Just when you're think you're pretty cool and mature, along comes something that puts your cool in the crapper.
I was helping Marty lay some (really a whole bunch) of weed block. As I was tucking the fabric underneath a hosta, something bit me on the forearm. Ouch! (It still hurts and it's red and swollen). OK, fine, I got bitten by something gross. (Hate bugs.) about ten minutes later there was this loud buzzing about my head. I could see it (sort of) out of the corner of my eye. It looked like a B52 bomber and it was not going to leave me alone. Marty's hollering at me to stand still then run, then stand still. I'm confused and scared and this big buzzer is in my HAIR and in my glasses, which got jettisoned. All the time I am screaming at the top of my lungs. Marty is yelling at me to calm down and go in the house. "It'll go IN there with me; are you crazy?" I'm screaming like a demented banshee and doing my best St.
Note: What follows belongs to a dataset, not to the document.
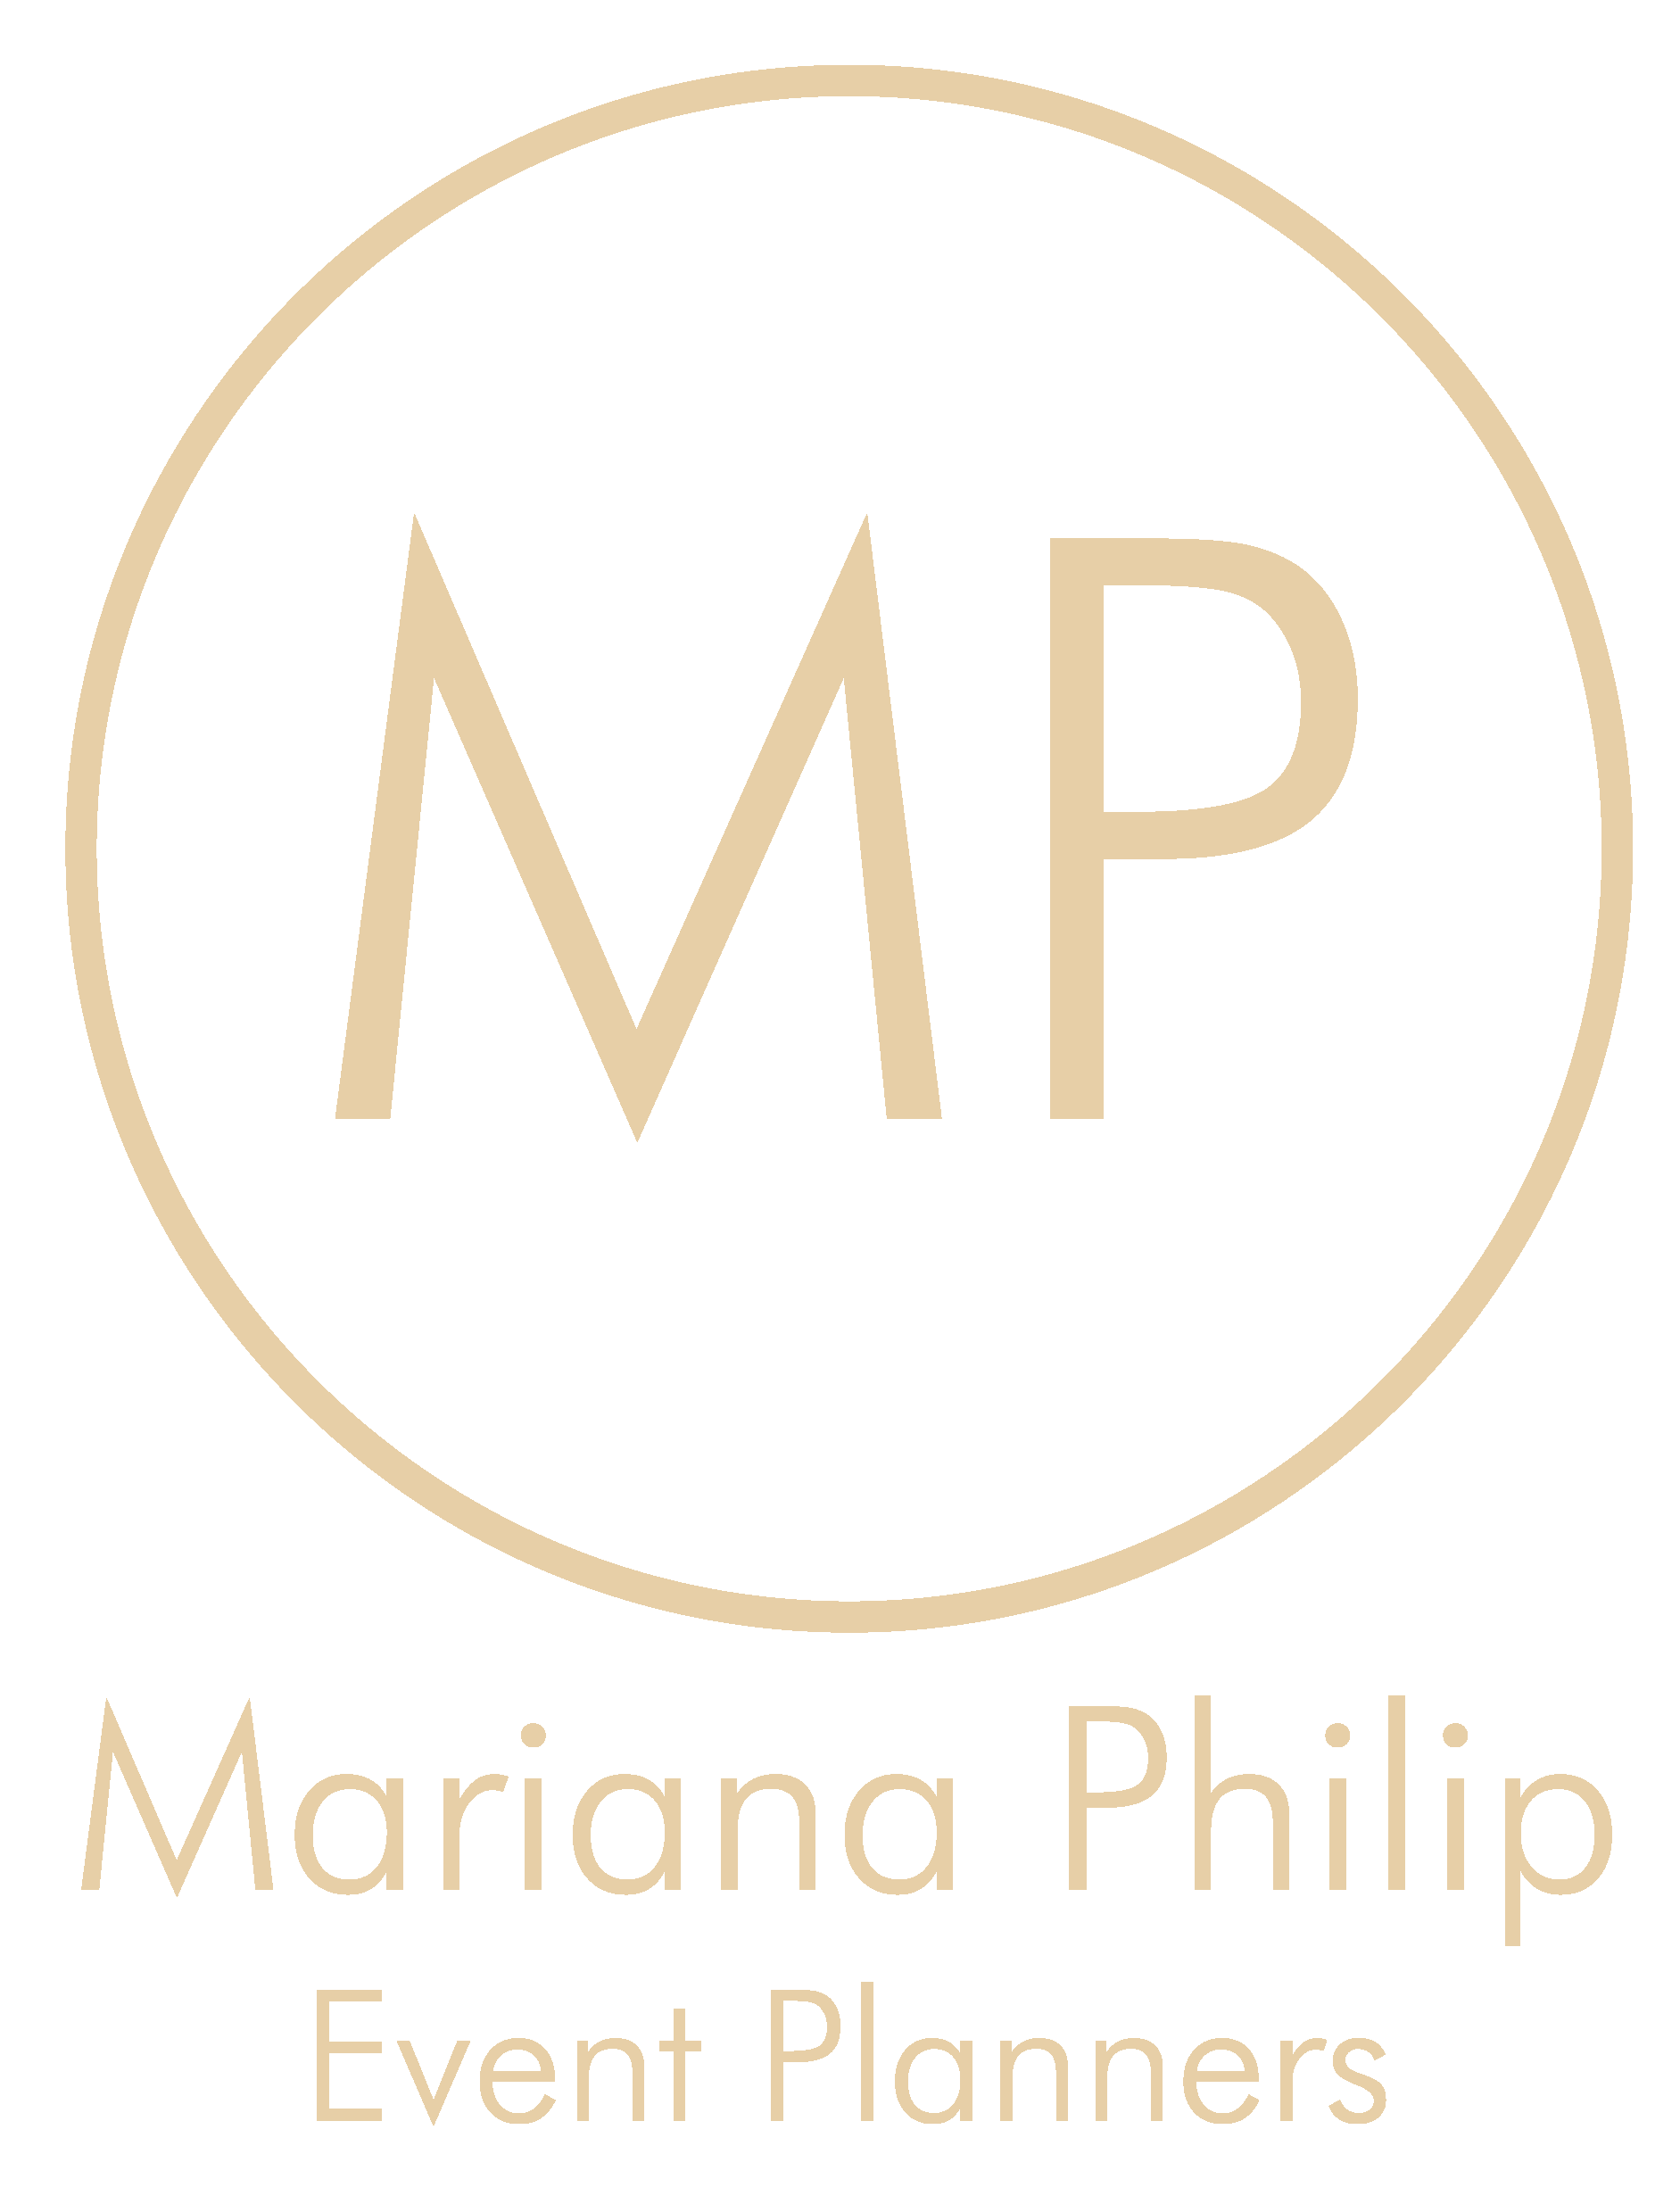 Mariana Philip

Vitus Dance intermingled with being frozen in terror.
Needless to say, he finally got my panicked rear end in the house. It was NOT my finest hour by any stretch of the imagination.
I suppose the upside is it's given the neighbors something to talk about because you could probably hear my well-trained vocal chords on Lake Erie. Nice to know in a real pinch, I got the lung power!